On peut lire l'article original à cette adresse : http://www.lrb.co.uk/v31/n06/mear01_.html Et sa traduction française à cette adresse : http://www.silviacattori.net/article770.html
Il y a effectivement des contradictions au sein du
camp impérilaiste américain. Ces contradictions portent sur le rôle que devrait
jouer leur satellite (Israël) 51 em état de l'Union et plus grande base
militaire à l'étranger.
Il y a ceux comme l'AIPAC et
autres supporteurs aveugles qui disent «Continuons comme avant
et maintenons le cap tactique et stratégique». Il
n'y a aucune raison de changer la vocation stratégique de notre
base militaire israélienne pensent-ils contre toute évidence.
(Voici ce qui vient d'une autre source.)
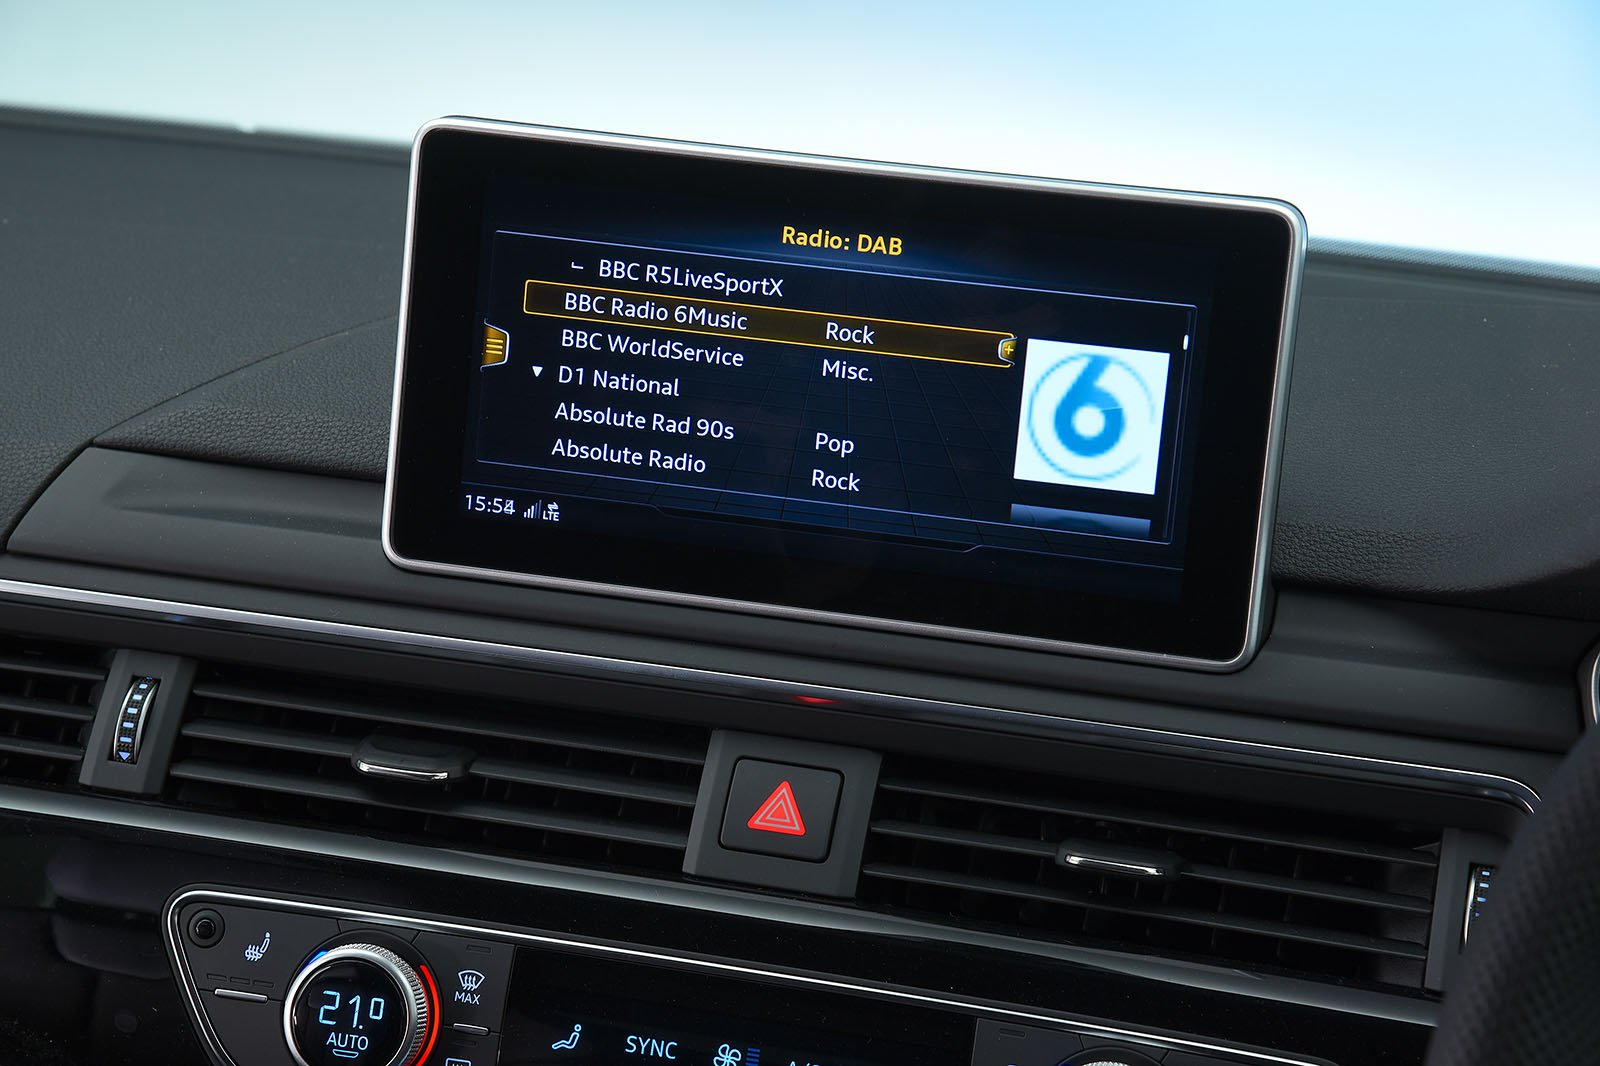 2018 Audi A4 Avant infotainment

Il y a ceux qui pensent que l'ancienne vocation de gendarme et de réalisateur de basses oeuvres d'attaques et d'agressions ne tient plus et qu'il faut changer la vocation de cet état paria pour le réaligner vers des objectifs plus réalistes. Pourquoi ?
1) L'armée
israélienne ne parvient plus à faire son travail de
gendarme dans cedtte région du monde. Elle n'a pas
été capable d'écraser définitivement le
Hamas et d'établir le Fatah à Gaza malgré
l'aide des collaborateurs du Fatah pour identifier les cibles.
2) Elle n'a pas
été capable en juillet 2006 d'écraser le Hezbollah
au Sud Liban. Pire, dans ce cas l'armée israélienne
a dû battre en retraite devant un groupe de résistance
faiblement armé en comparaison de la puissance de feu
israélienne. L'armée israélienne a dûe
se contenter de massacrer des civils comme à Gaza et de
répandre des bombes à sous munition et des déchets
radioactifs, sans oublier les bombes aux phosphores. Bref,
de se comporter comme une bande de larrons criminels de guerre.
3) Les américains n'ont
pas confiance que l'aviation israélienne serait capable
d'écraser l'Iran et de détruire ses centres de
productions d'énergies nucléaires civils sans
déclancher en réaction un tsunami politique et militaire
dans toute cette région du globe.
4) Les américains en personne ont échoué en Irak
et les israéliens ne peuvent rien pour renverser cette situation où l'armée US va se
retirer dans la honte n'ayant rien accomplit que de se discréditer et
de s'endetter lourdement alors que la super puissance vogue vers la faillite économique.
5) Même constat en
Afghanistan ou avant de se retirer dans le déshonneur les
américains et leurs alliés de l'OTAN tentent un sursaut
d'honneur espérant «retarder» l'offensive Talibane.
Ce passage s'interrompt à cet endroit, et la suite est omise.